Submitted to: ASA-CSSA-SSSA Annual Meeting Abstracts
Publication Type: Abstract only
Publication Acceptance Date: 11/1/2009
Publication Date: 11/5/2009
Citation: Lascano, R.J., Van Bavel, C.M., Evett, S.R. 2009. Alfalfa canopy resistance from lysimetric and radiometric measurements[abstract]. American Society of Agronomy, Crop Science Society of America, Soil Science Society of America. November 1-5, 2009. Pittsburgh, Pennsylvania. Paper No. 34-7. Interpretive Summary:
Technical Abstract: The widely used Penman-Monteith (PM) equation to find the value of evapotranspiration (ET) contains a value for the canopy resistance (rc, s m-1) that, unlike the other equation parameters, cannot be measured directly. Different values for rc have been suggested but none have been directly nor experimentally proven.

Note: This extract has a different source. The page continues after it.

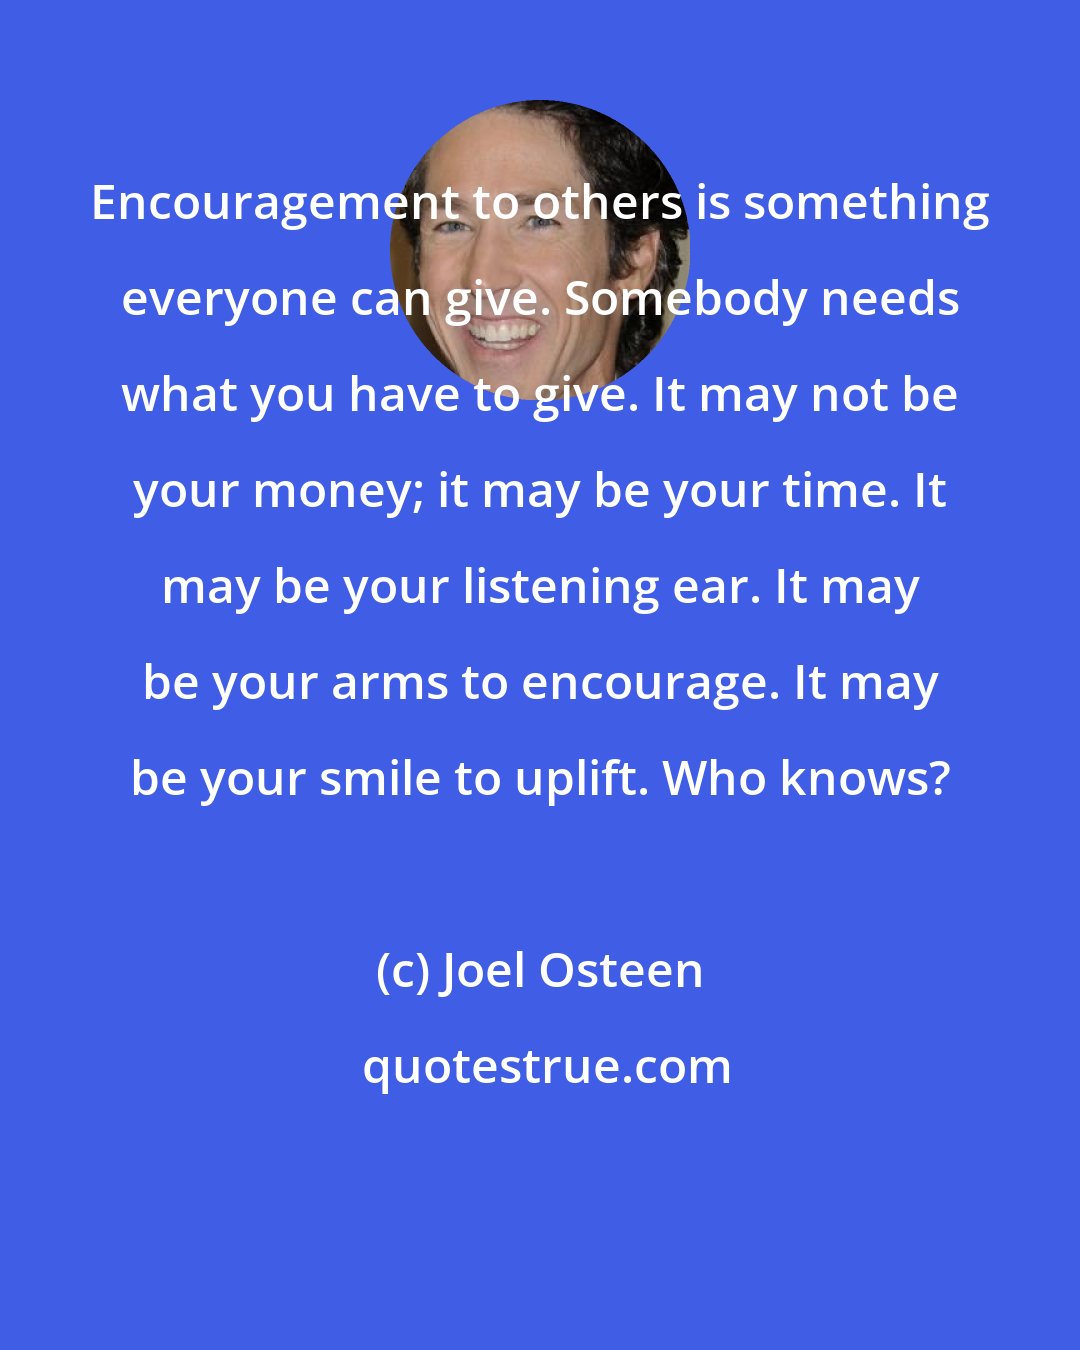 Joel Osteen: Encouragement to others is something everyone can give. Somebody needs what you have to give. It may not be your money; it may be your time. It may be your listening ear. It may be your arms to encourage. It may be your smile to uplift. Who knows?
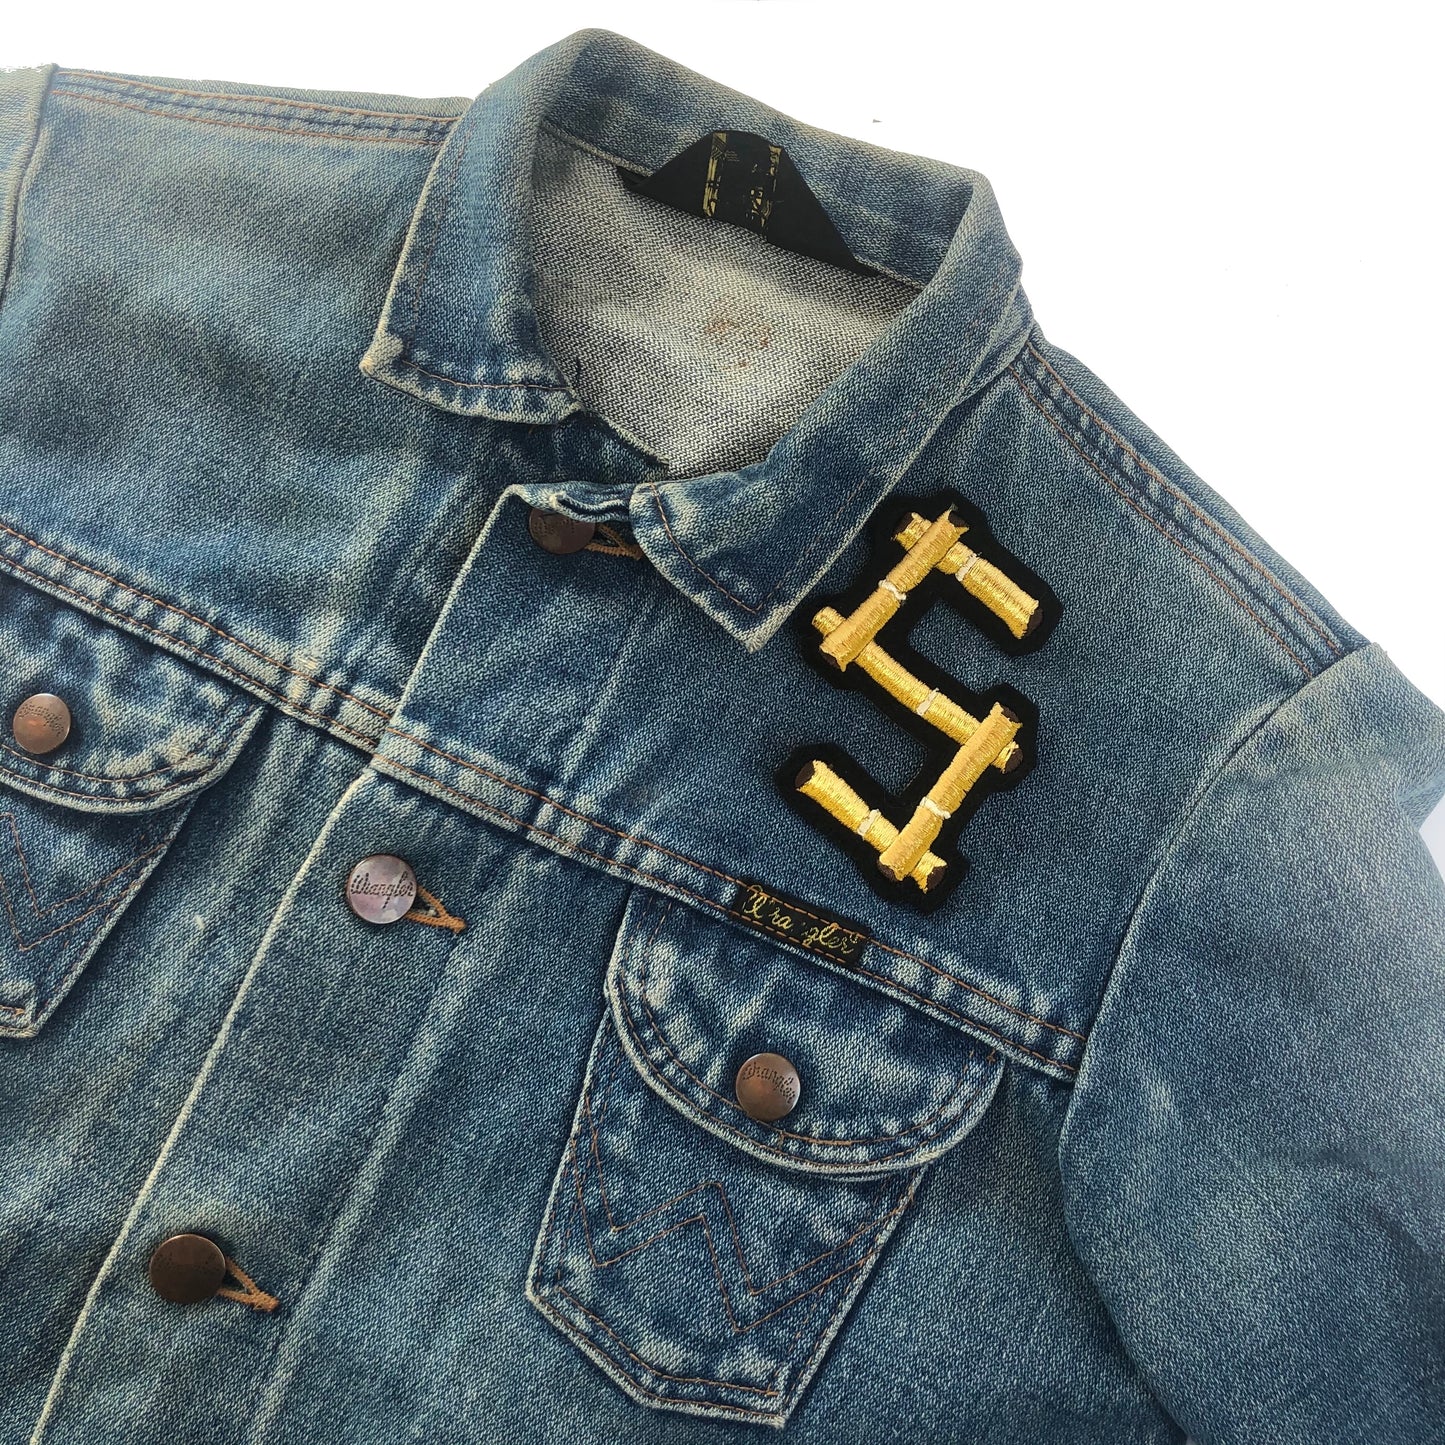 Bamboo embroidered letter S on the front shoulder of a blue denim jacket

We proposed an alternative for the P-M equation that is not subject to a weakness in its derivation, by solving the surface energy balance for ET by iteration (Lascano and Van Bavel, 2007; Agron. J. 99:585–590). Further, it can be used to find the value of rc, also by iteration, provided the value of ET is measured accurately by lysimetry. Using data obtained in Bushland, TX we calculated hourly rc values for an irrigated alfalfa crop that ranged from 28 to 73 s m-1 on a midsummer day during daylight hours. We then used these values to calculate the hourly values on three other days from the energy balance and compared these with the actual values, measured by lysimeters. As lysimeters are not generally available, we repeated obtaining hourly values for rc by measuring the crop surface temperature with long-wave radiometers (Conaway and Van Bavel, 1976; J. Appl. Meteorol. 6:650–655) also using the energy balance by iterating. The hourly values of rc from radiometric measurements were more variable and when used to calculate ET on the same three days, the results were more scattered. We conclude that the proposed calculation of rc from lysimetric measurements is preferable to a so-called "reference" value in an inaccurate equation.